The population of almost 14 million people is predominantly rural. Some traditional practices common in rural areas such as early marriage and female genital surgery expose women and girls to reproductive and health problems. Despite the existence of a minimum legal age for marriage (16 years for women and 18 years for men), it is still quite common for girls in rural areas to marry as soon as they have reached puberty. However, urban-educated Senegalese women are increasingly marrying at a later age-a trend encouraged by the government.
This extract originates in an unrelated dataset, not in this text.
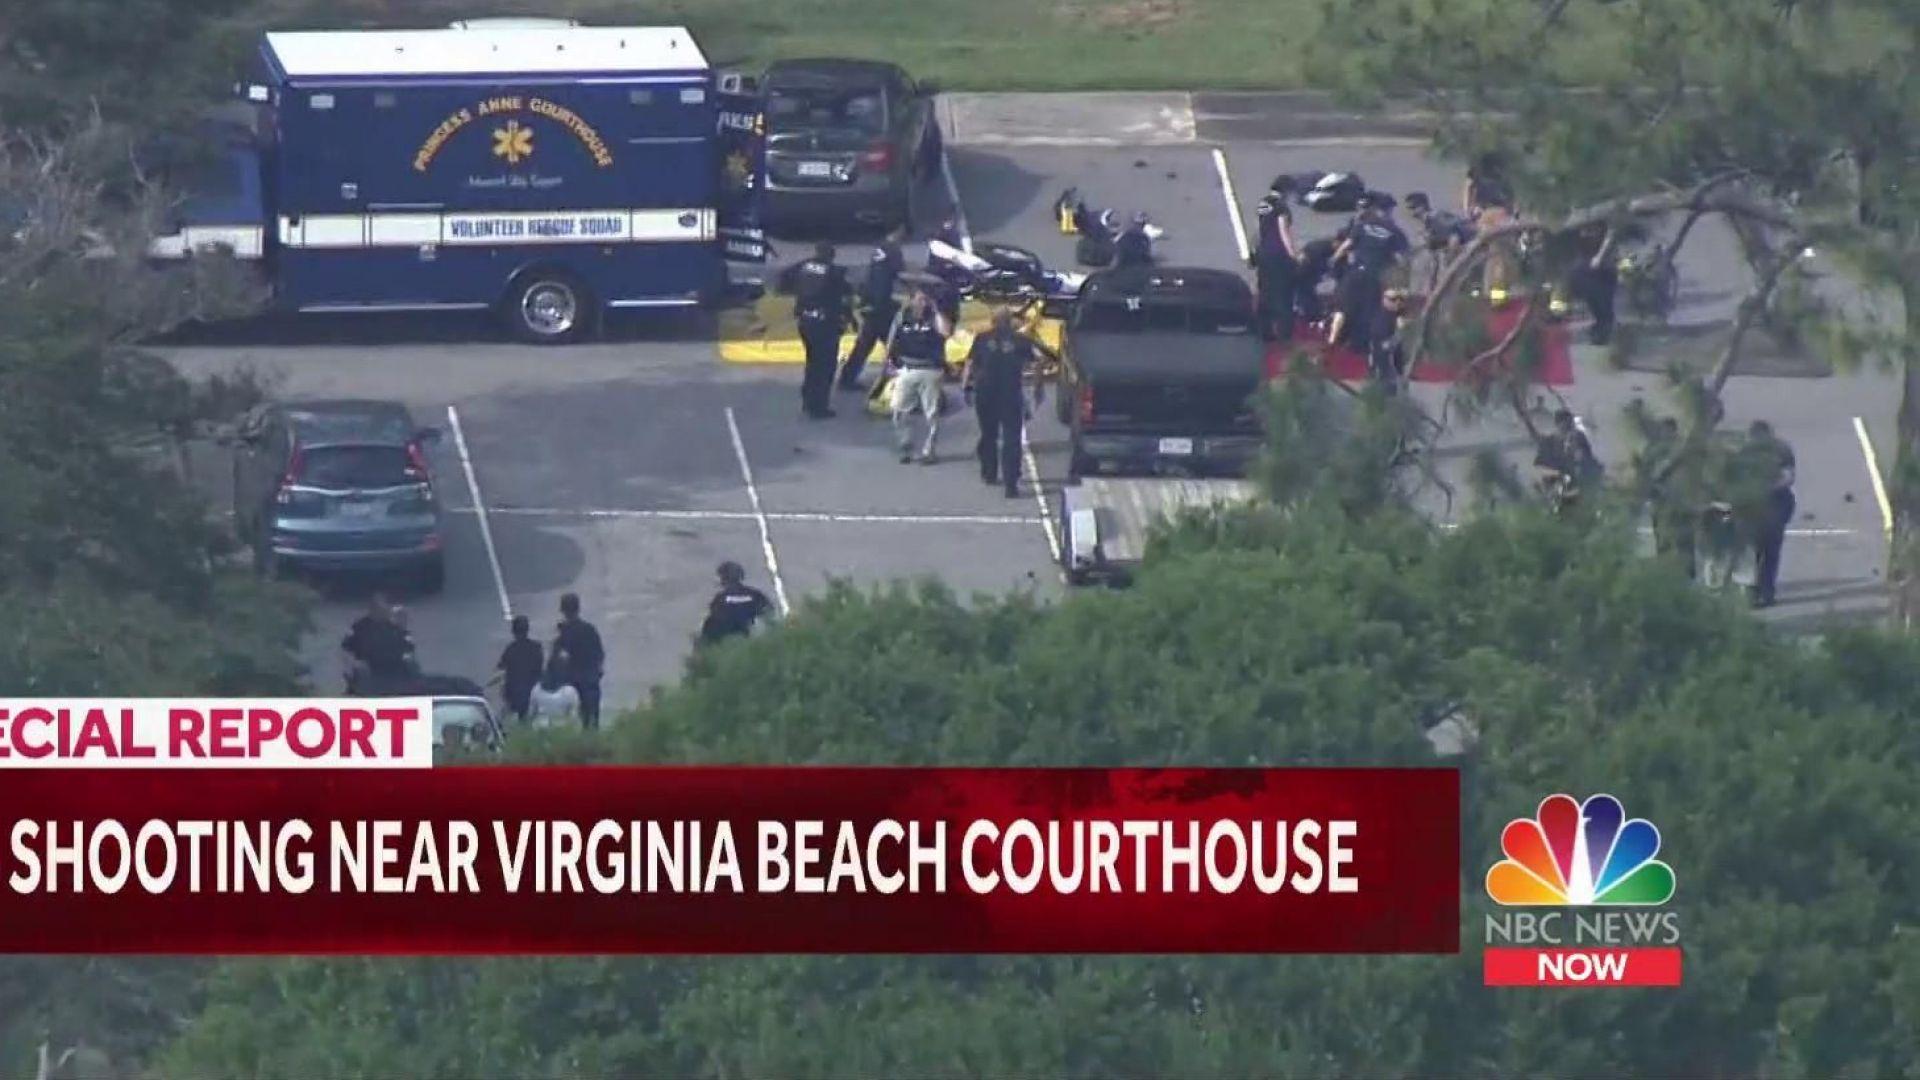 Недоволен общински служител откри стрелба в общински център във Вирджиния
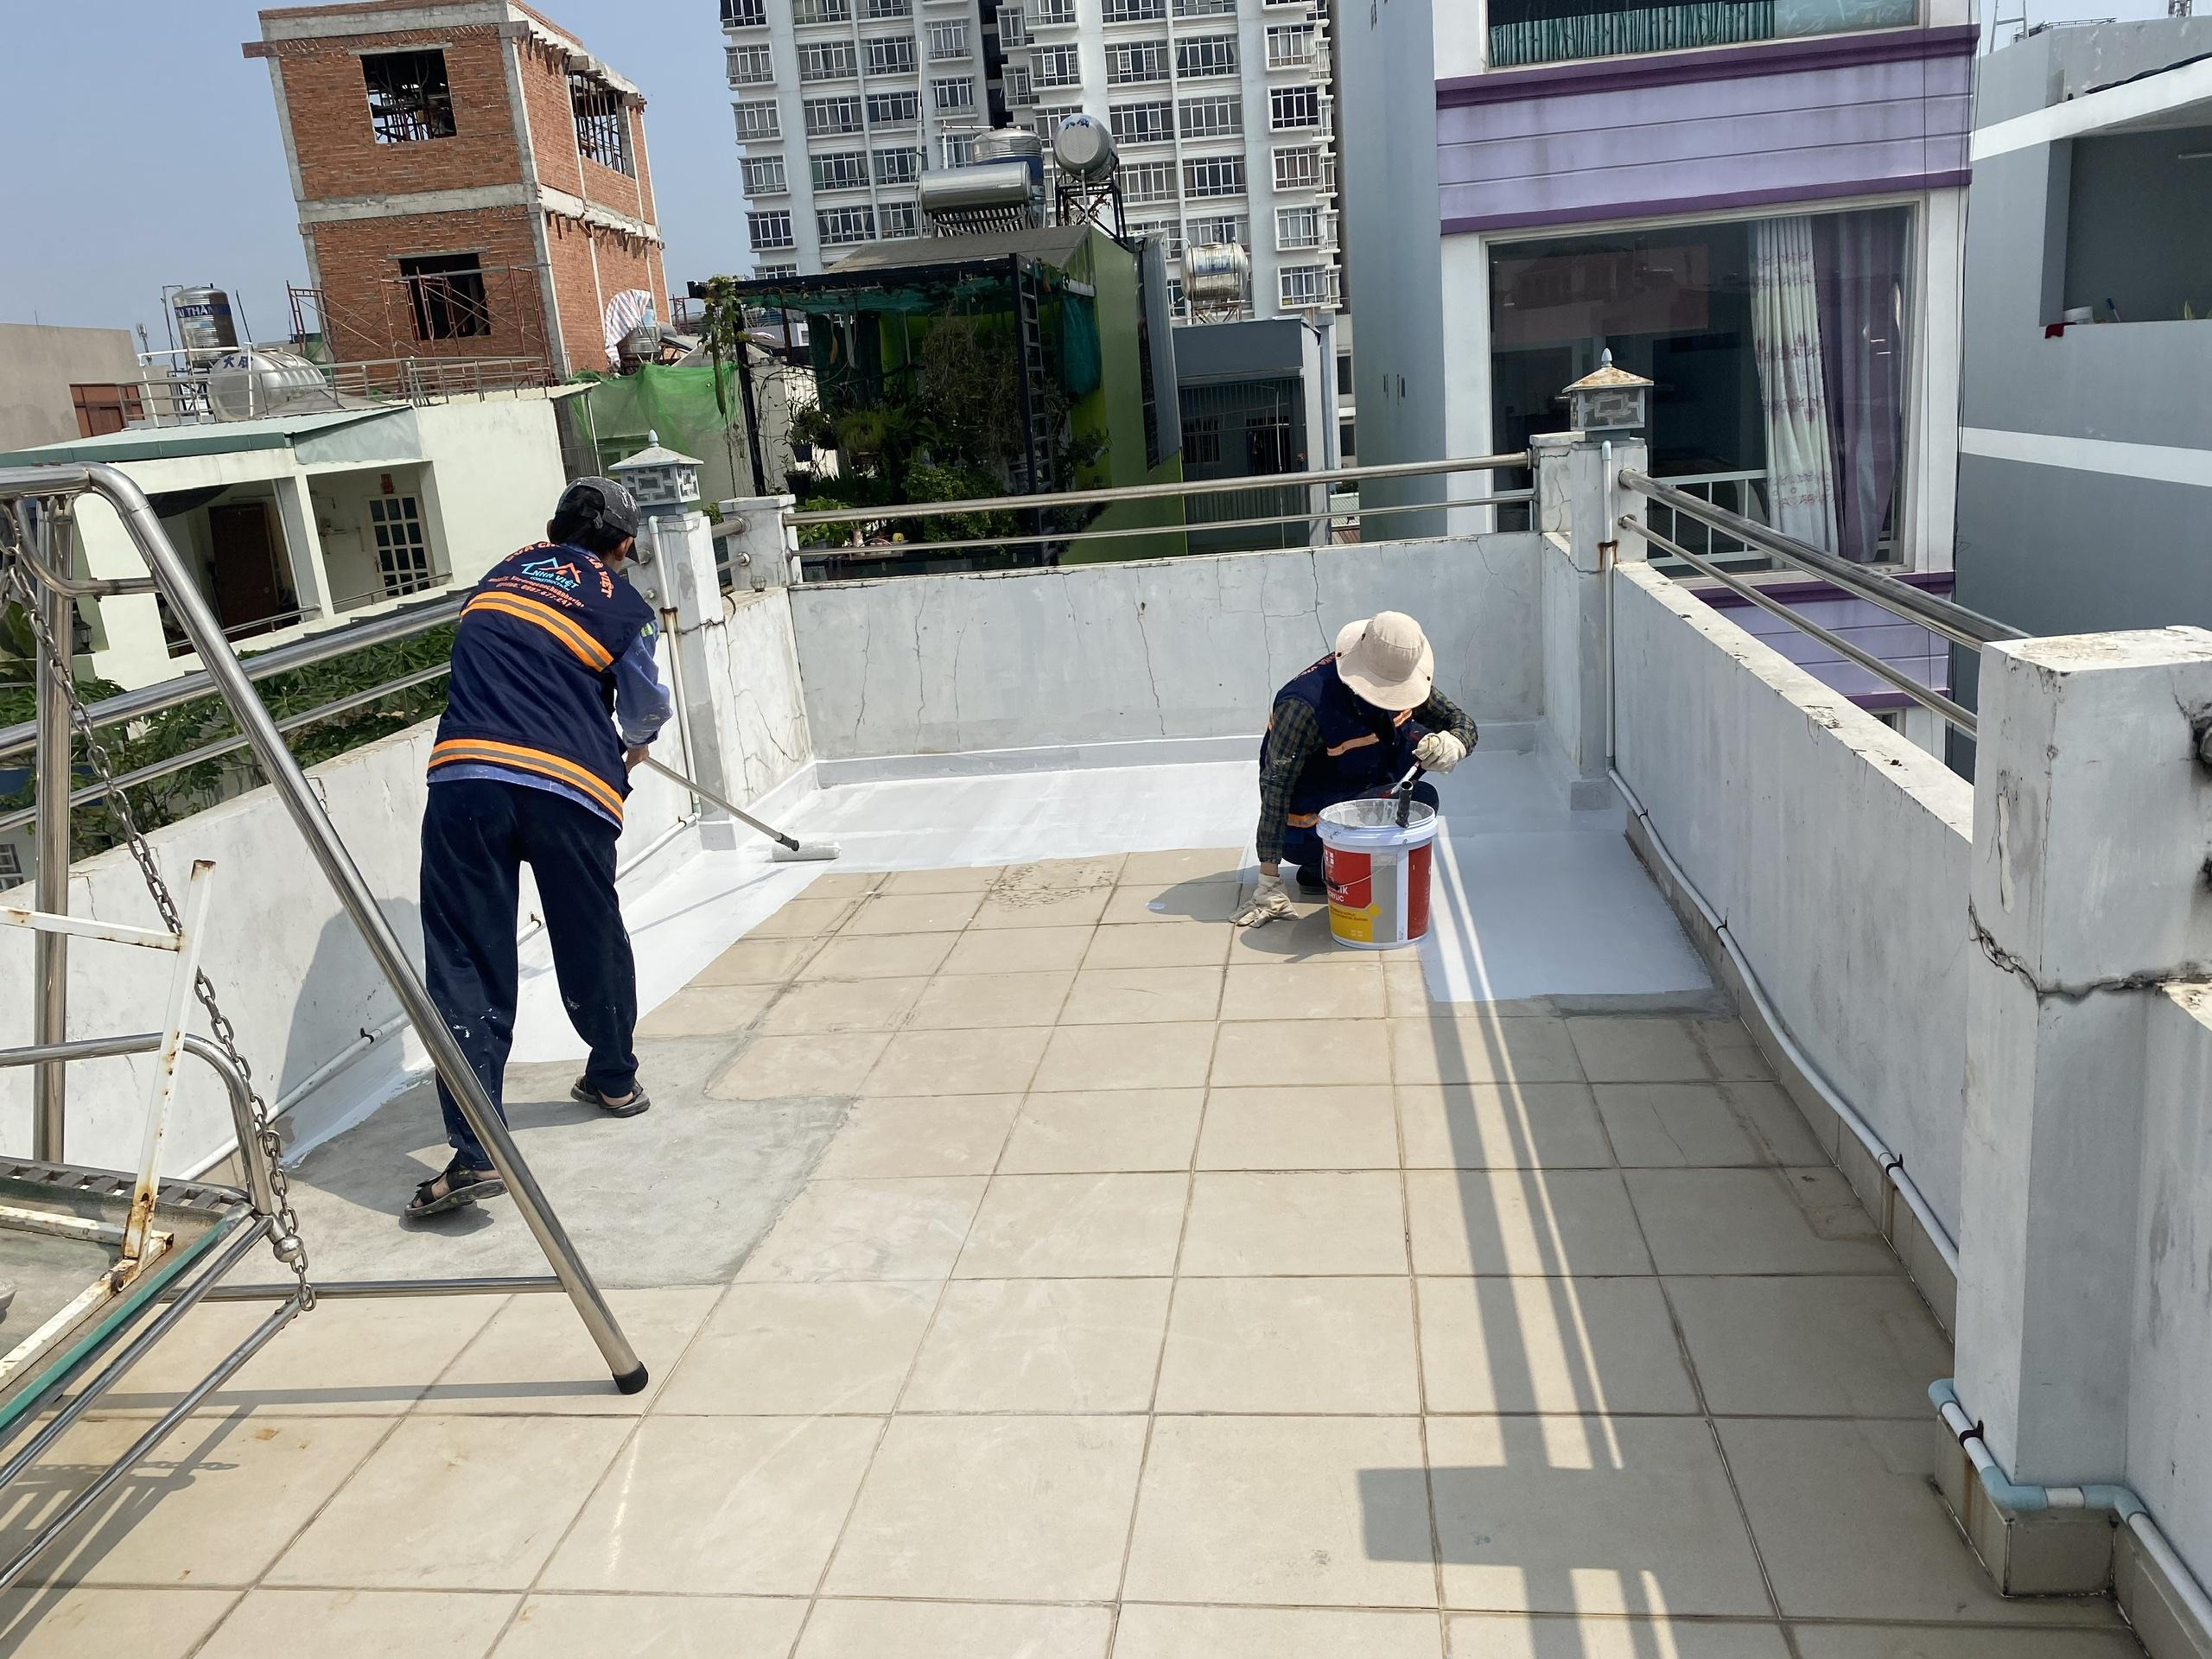 vat lieu chong tham san thuong 6 - 5 Vật liệu chống thấm sân thượng tốt nhất đảm bảo chất lượng hiện nay

Civil marriage, as opposed to religious marriage, is more common in urban areas than in the countryside, as it is a condition for the receipt of social welfare benefits, which rural households do not receive. Polygamy is legal (a Muslim man may take up to four wives, and about half of Senegalese women live in polygynous marriages), and before entering into a civil marriage, a husband must declare whether the union will be monogamous or polygamous.

Urban Rural Divide

In Senegal, the urban-rural divide is evident in the domains of education and employment, despite constitutional protections. In the countryside, women perform much of the subsistence farming and child rearing and have limited educational opportunities. In urban areas, women meet with less discrimination and are more active in government, political life, and business. Overall, women lag behind men in educational opportunities, with the disparity in literacy rates (49.1 percent of adult men are literate as opposed to 28.2 percent of women) reflecting this. According to the 2005 Demographic and Health Survey, 28 percent of Senegalese women have undergone some form of female genital surgery. The practice has been outlawed in Senegal since 1999, but the ban is largely unenforced for practical reasons, similar to the parts of the Family Code opposed to by religious leaders. However, Senegal is the site of the massive Tostan grassroots project, which has reportedly led to abandonment of the practice in over 3,700 villages, with continued, rapid spread. The Senegalese government, in partnership with this and other community actors, is currently finalizing a national plan to bring about the complete abandonment of female genital surgery by 2015.